What is being asked ▸ Nothing but an exact copy is asked for: the lines in the material below from the one with "Обои виниловые на" through the one with "Searle GABICCI VINTAGE", pictures excluded.
#### Exercise data ####
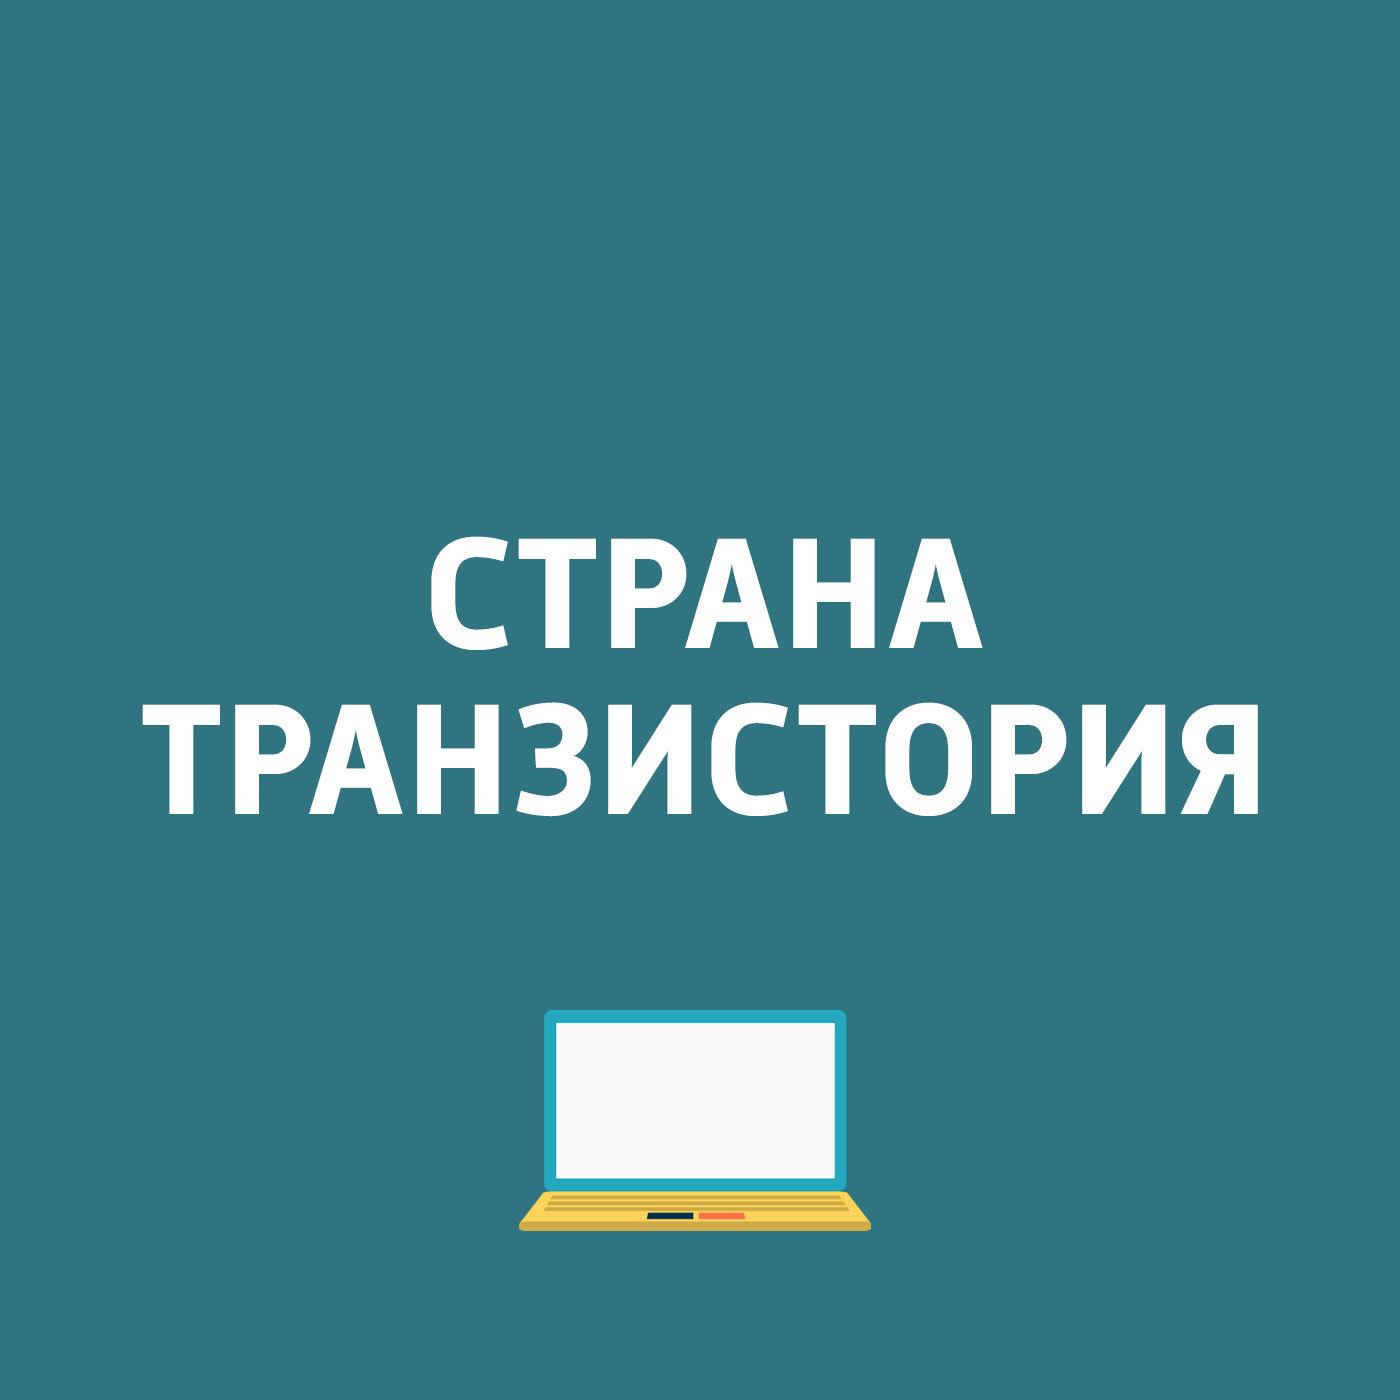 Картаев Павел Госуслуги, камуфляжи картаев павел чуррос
####
#### Exercise data ####
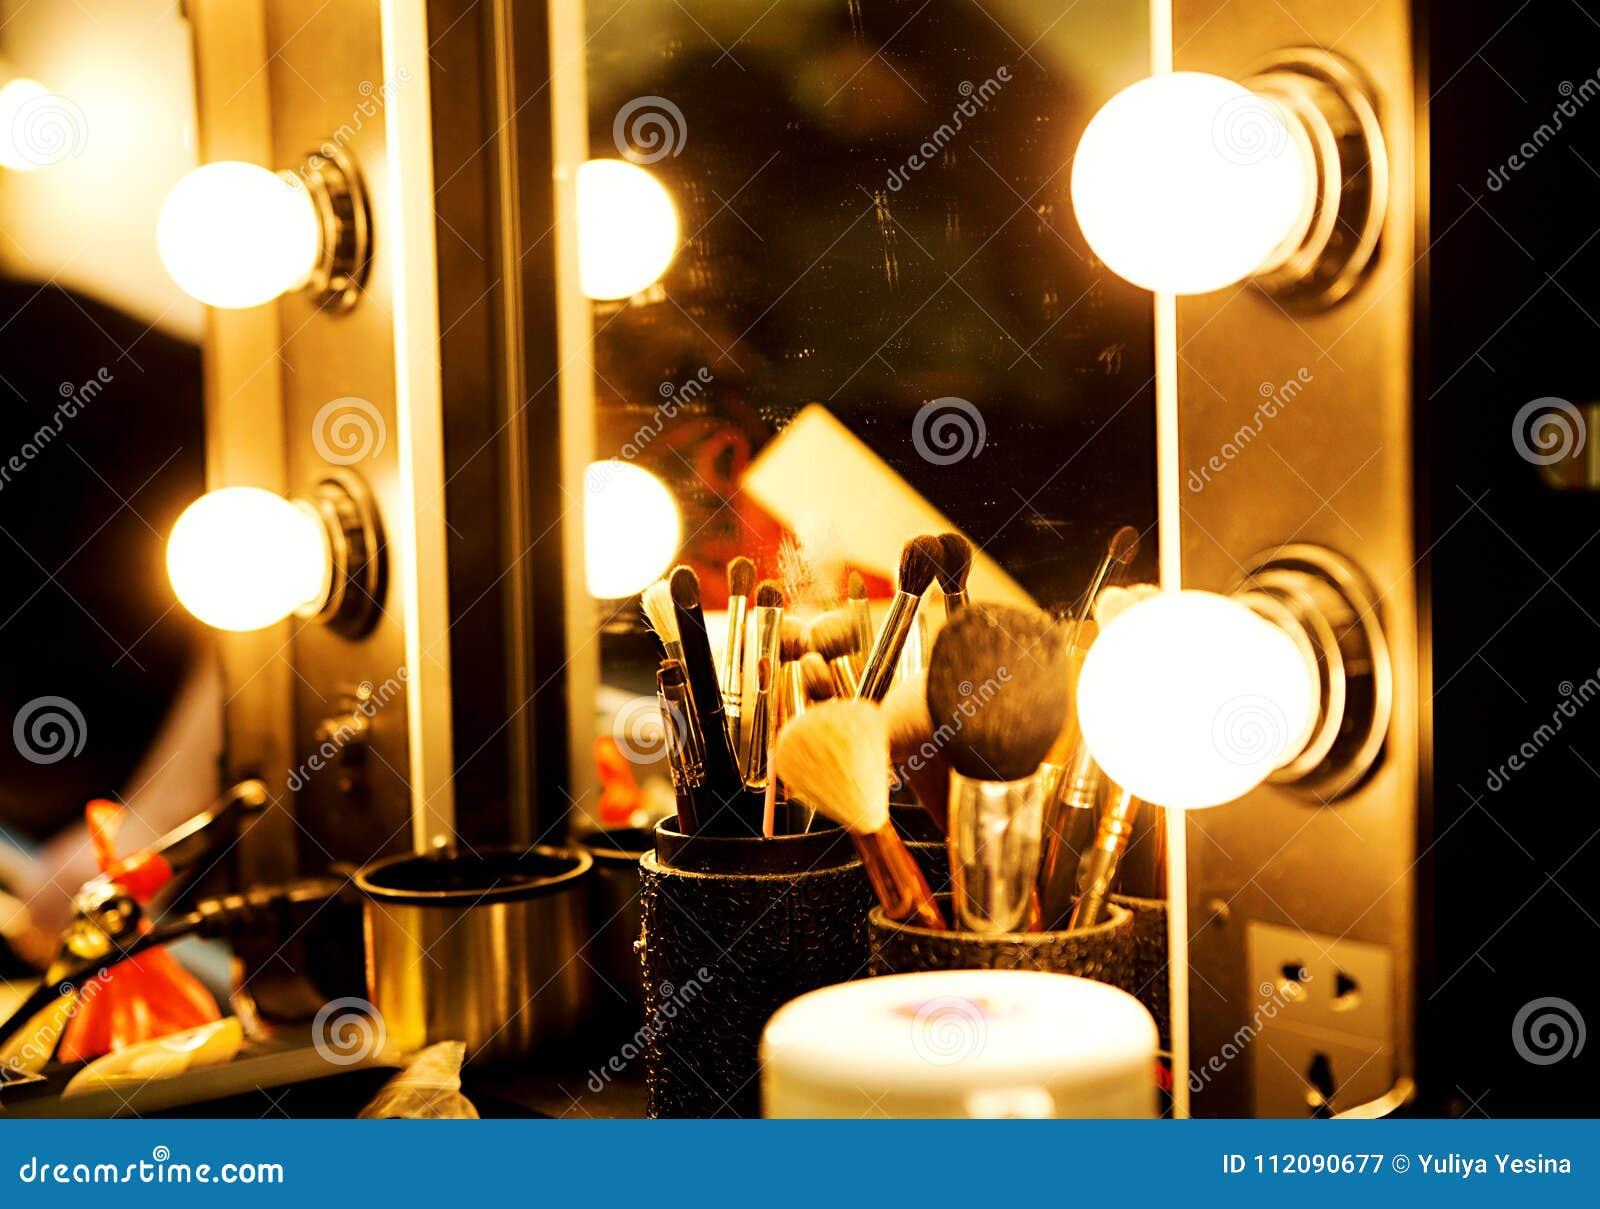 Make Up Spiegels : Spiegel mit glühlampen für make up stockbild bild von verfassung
####
#### Exercise data ####
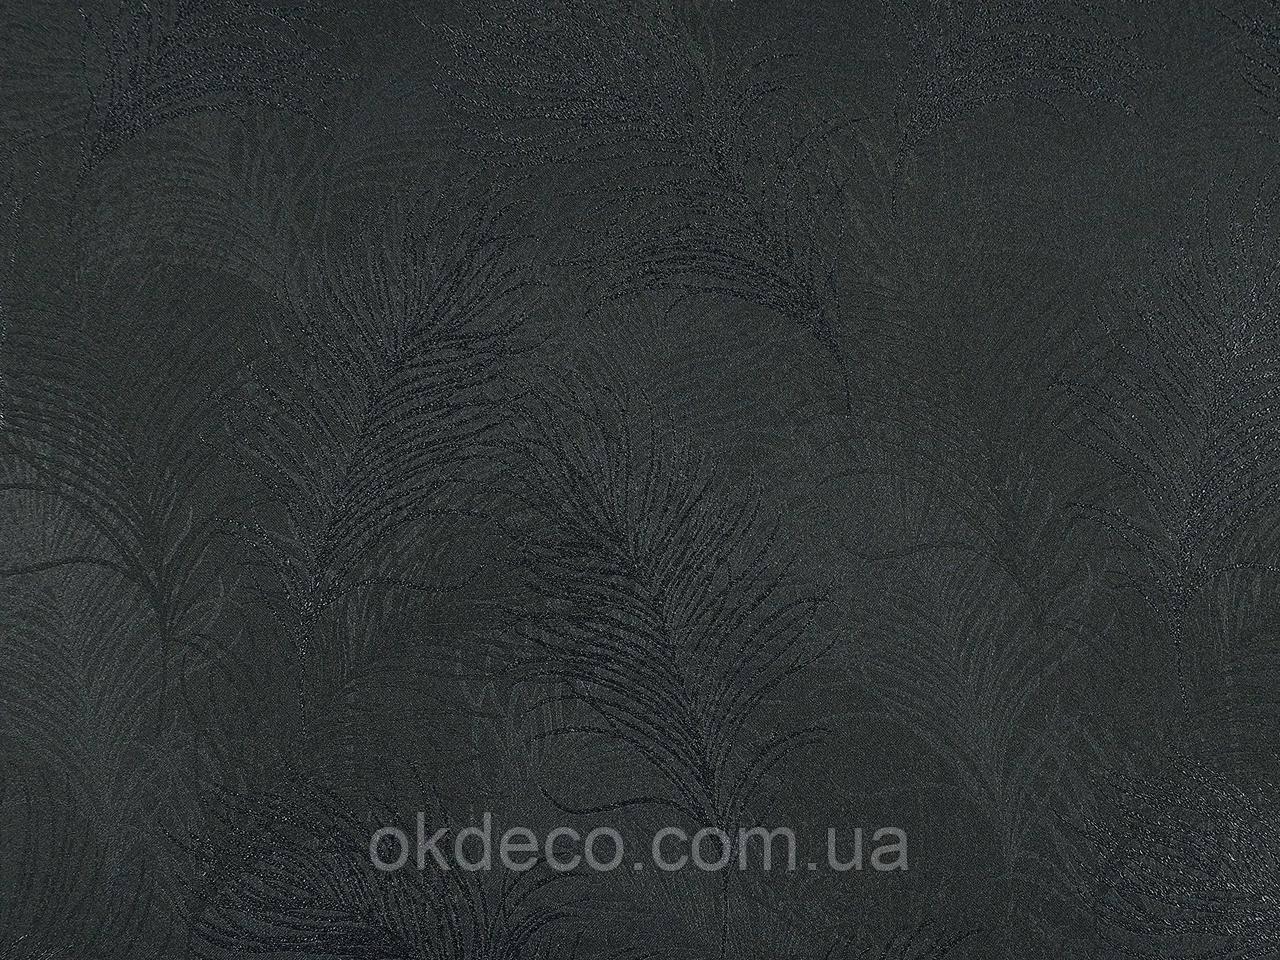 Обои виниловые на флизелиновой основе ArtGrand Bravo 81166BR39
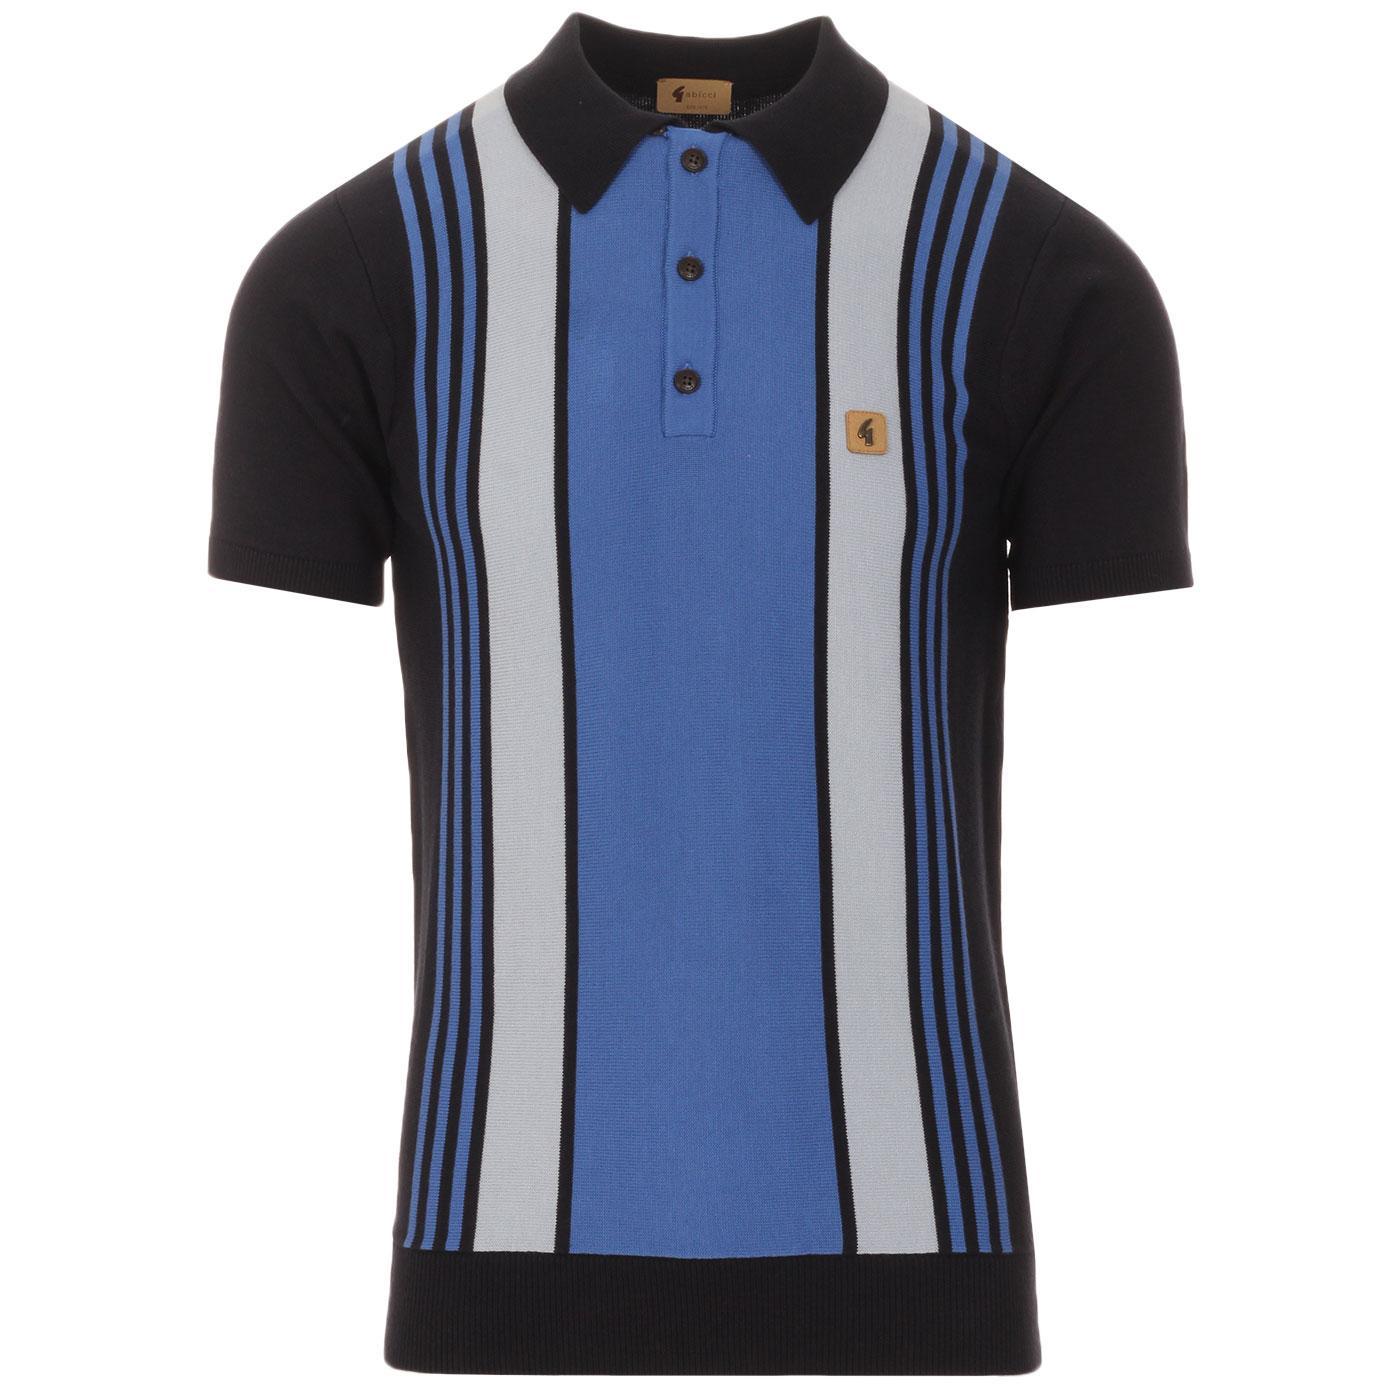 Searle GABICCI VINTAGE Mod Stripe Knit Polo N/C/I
####
Your response ▸
 Обои виниловые на флизелиновой основе ArtGrand Bravo 81166BR39
 Searle GABICCI VINTAGE Mod Stripe Knit Polo N/C/I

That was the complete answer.